他坐在办公桌前,就着台灯反复看着那几行字。

指尖在“闺女”两个字上摩挲了很久。

是丫丫。

他靠在椅背上,闭上眼。

心头像是被什么东西狠狠揪了一下。

又缓缓松开。

他拿起笔,铺开信纸,沉吟片刻,落笔:

“黎平、幸运:来信收悉,闻知一切安好,心中甚慰。”

“侄女甚好,贴心乖巧。”

“名字一事,我思忖良久,可取名为‘纪瑶’。”

“瑶,美玉也。”

“愿她如美玉,温润坚韧,一生顺遂,喜乐安康。”

“小名可唤‘瑶瑶’。”

写下“瑶瑶”两个字时,他笔尖顿了顿。

将那个承载了太多苦涩的“丫丫”,彻底封存在了无人知晓的过去。

他继续写道:“家中安置妥当便好。”

“钱财不必过于节省,该用则用,务必保证幸运营养。”

“我近期任务繁重,通信或有不及时,勿念。”

“万事以自身与孩子为重,遇事可寻王队长商议。”

“兄:黎宴。

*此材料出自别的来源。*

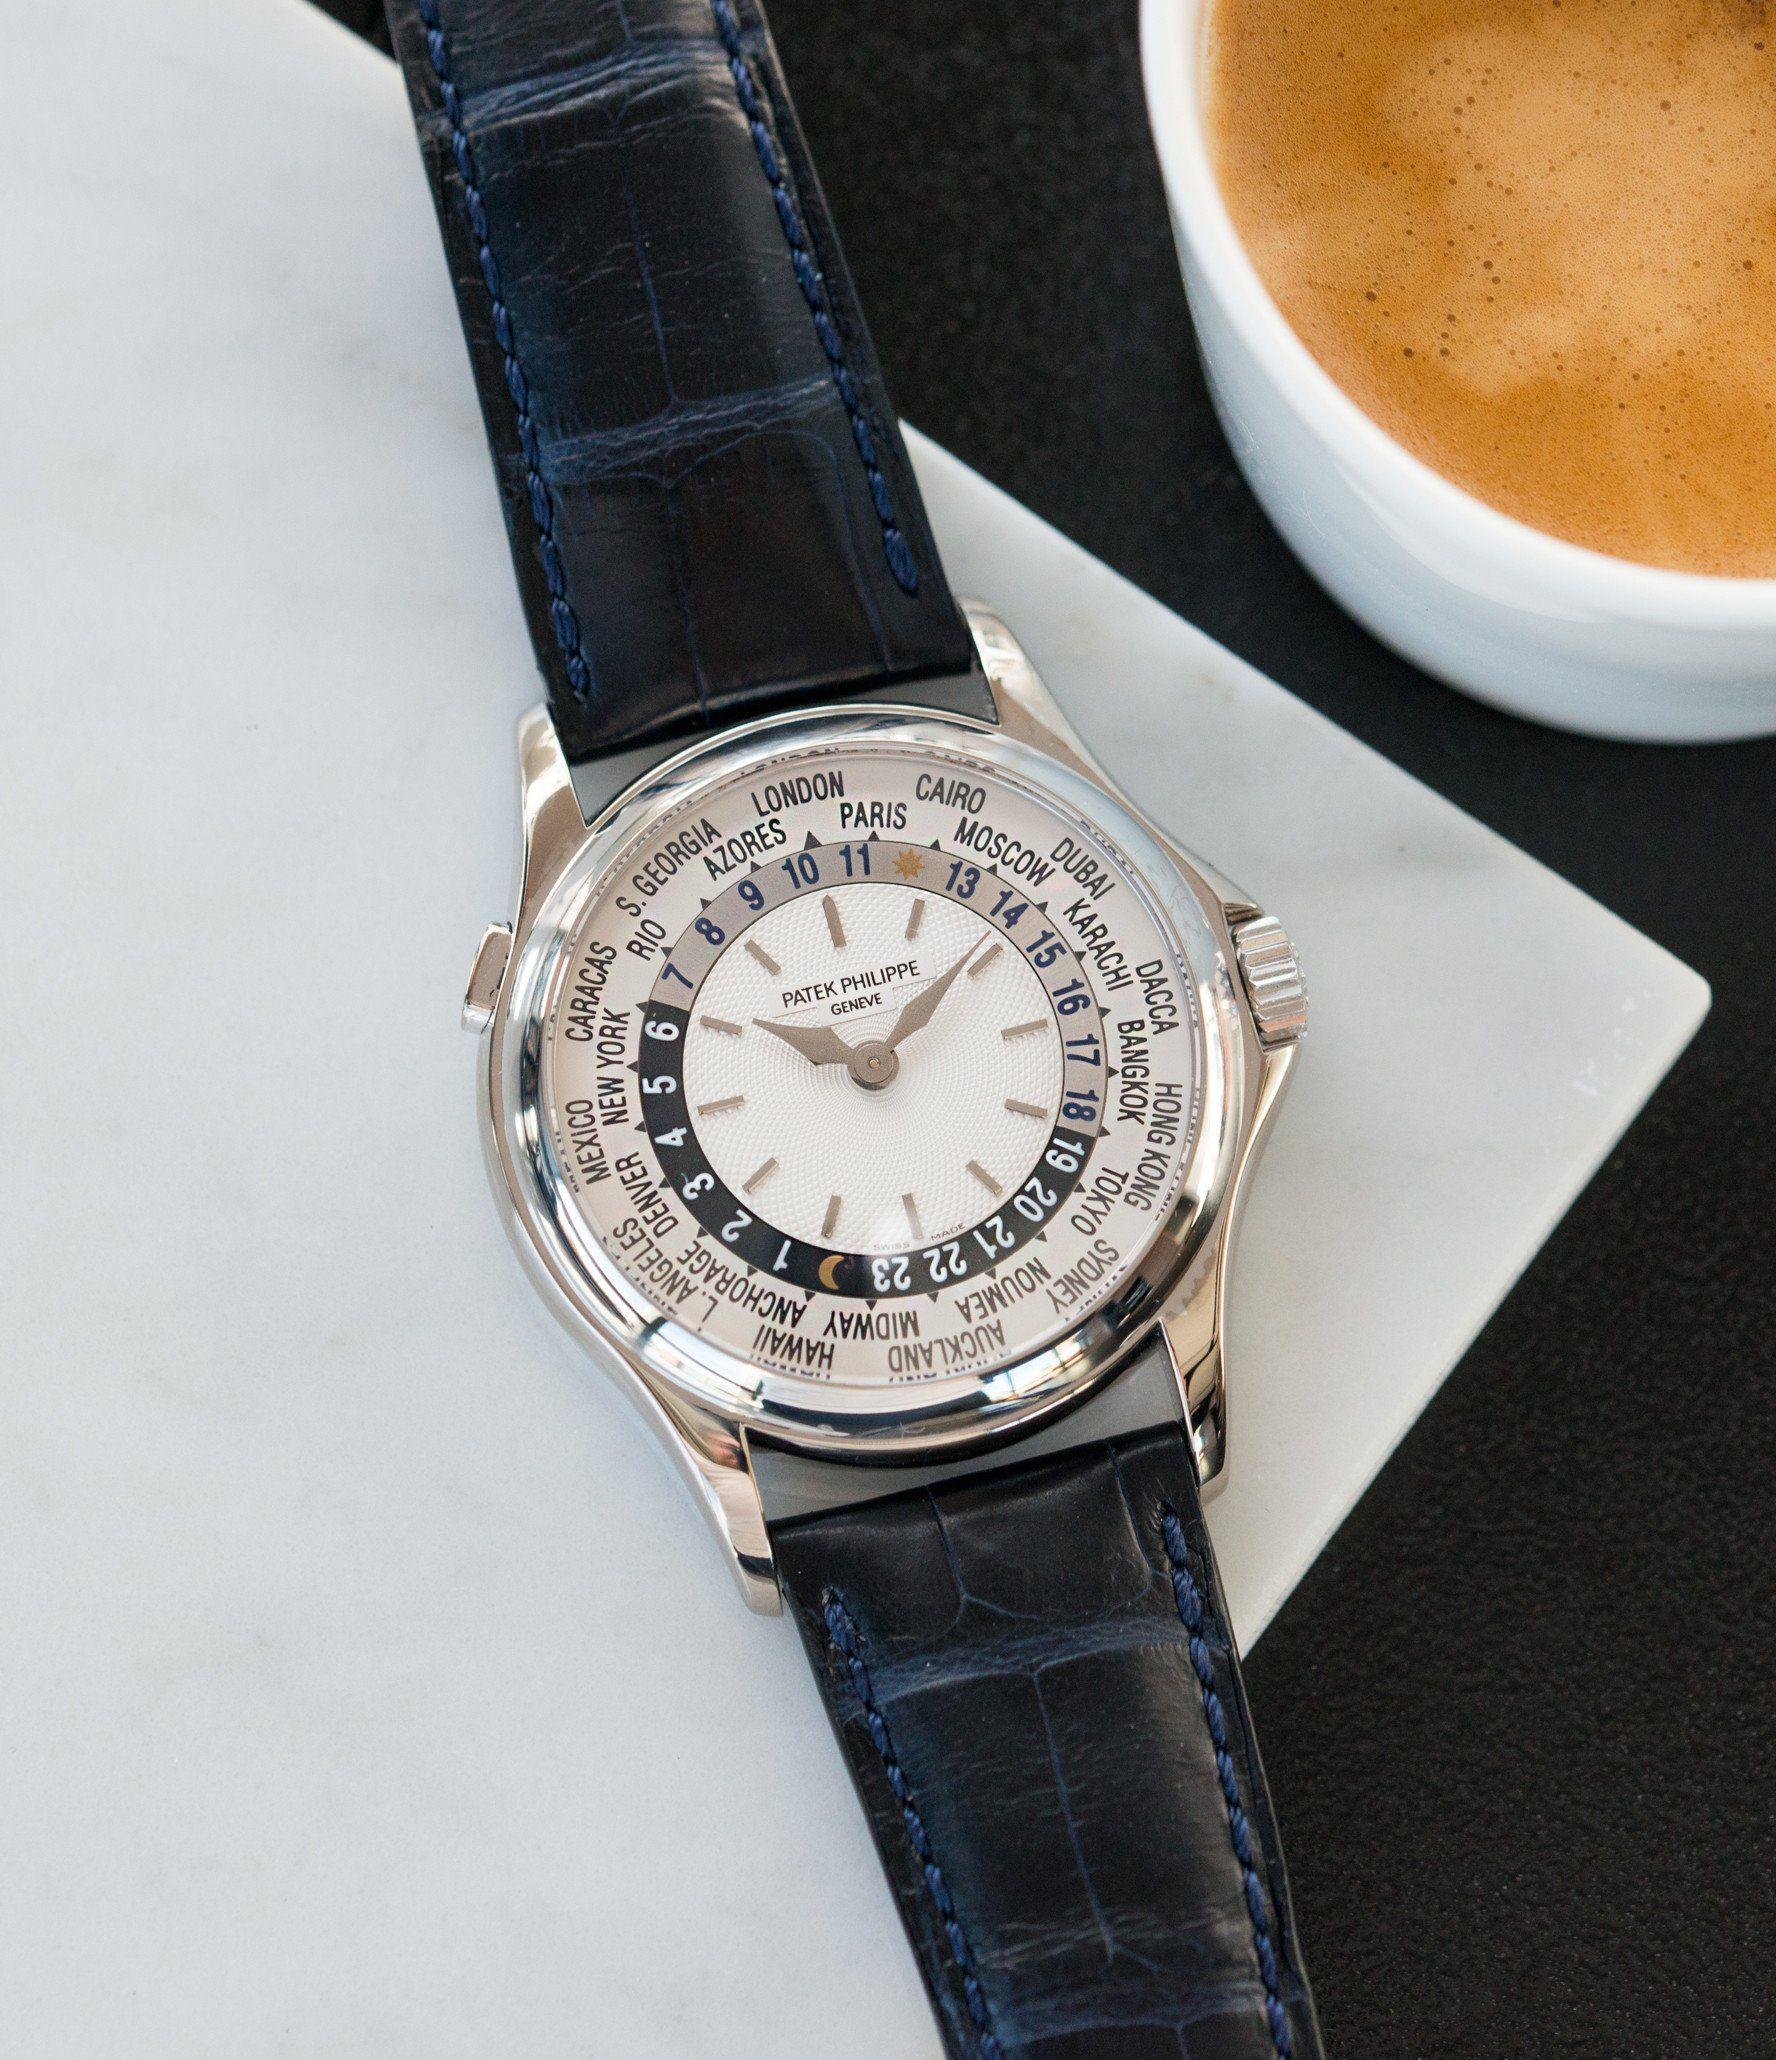 World Timer | 5110G-001 | white gold | Vintage watches

”

封好信,他长长舒了一口气。

尖刀班的试点工作推进得如火如荼。

纪黎宴几乎是以身为炬,燃烧着自己所有的精力。

他带着选拔出的十几个尖子。

在模拟的极端环境下摸爬滚打。

不断修正和完善训练方案。

高强度的工作让他迅速消瘦。

但眼神却愈发明亮。

林秋阮将他的辛苦看在眼里。

她心疼却不多言,

只是默默地将更多营养品和缓解疲劳的药材混在花茶里,托人带给他。

偶尔在深夜,纪黎宴办公室的灯还亮着,她会提着保温桶出现。

里面是温热的汤水或饺子。

她放下就走,不多打扰。

这种无声的关怀。

成了纪黎宴紧绷生活中,最柔软的慰藉。

时间在汗水和期盼中悄然流逝。

安县那边,纪黎平终于通过了考核,拿到了梦寐以求的驾驶证。

工资和待遇都提了一截。

跑长途的机会也多了。

李幸运的肚子一天天大起来,行动渐渐不便。

听了纪黎平的话,找了个顶班的。

她自己则安心在家养胎。

他们买下的小院被纪黎平收拾得井井有条。

还搭了个小小的葡萄架。

只等来年枝繁叶茂。

这期间,黄颖和赵老四的消息也零星传来。

通常都是纪黎平回老家,听了那么一耳朵。

写信的时候,顺手写进来了。

据说两人日子过得鸡飞狗跳。

黄颖心气高,看不上赵老四,赵老娘又刻薄。

三天一小吵,五天一大闹。

黄颖也曾试图写信回省城娘家求助。

但不知是娘家不管还是信没送到,始终石沉大海。

她似乎也认了命。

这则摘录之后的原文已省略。